Gerl A, Clemm C, Lamerz R, Mann K, Wilmanns W
Medizinische Klinik III, Klinikum Grosshadern, Ludwig-Maximilians-Universität München, F.R.G.
Eur J Cancer. 1993;29A(7):961-5. doi: 10.1016/s0959-8049(05)80202-3.
86 unselected patients with poor risk metastatic non-seminomatous germ cell tumours (NSGCT) treated from 1979 to 1990 at a single institution were reviewed with regard to the prognostic relevance of tumour marker analysis. The number of elevated tumour markers was not able to distinguish patients into prognostic subgroups. Pretreatment levels of human chorionic gonadotropin (HCG), alpha-fetoprotein (AFP) and lactate dehydrogenase (LDH) did not have a significant influence on clinical outcome. HCG and AFP half-life analysis during the first chemotherapy cycles also failed to define prognostic subgroups. If early deaths within 90 days after the onset of chemotherapy were excluded, patients with a half-life of HCG decline greater than 3.5 days tended to have a poorer prognosis which did not reach significance.

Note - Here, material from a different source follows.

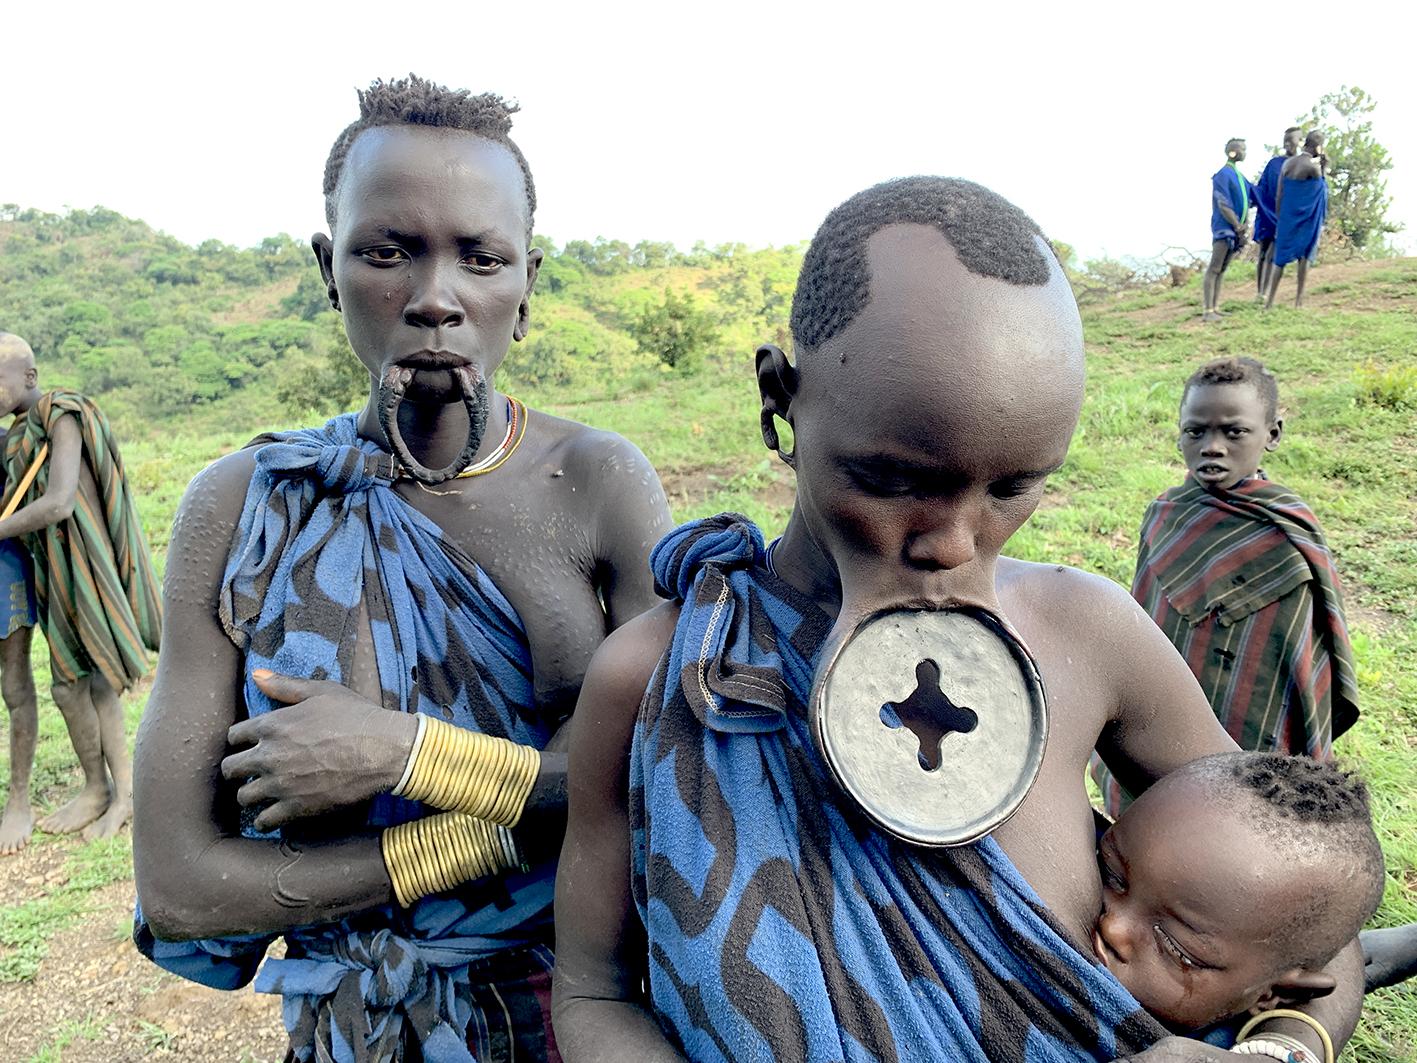 Mursi people, Omo Valley, Ethiopia

对1979年至1990年在单一机构接受治疗的86例未选择的低风险转移性非精原细胞瘤性生殖细胞肿瘤(NSGCT)患者进行了回顾,以分析肿瘤标志物分析的预后相关性。肿瘤标志物升高的数量无法将患者区分为预后亚组。人绒毛膜促性腺激素(HCG)、甲胎蛋白(AFP)和乳酸脱氢酶(LDH)的预处理水平对临床结果没有显著影响。在第一个化疗周期中对HCG和AFP半衰期的分析也未能确定预后亚组。如果排除化疗开始后90天内的早期死亡病例,HCG半衰期下降大于3.5天的患者预后往往较差,但未达到显著水平。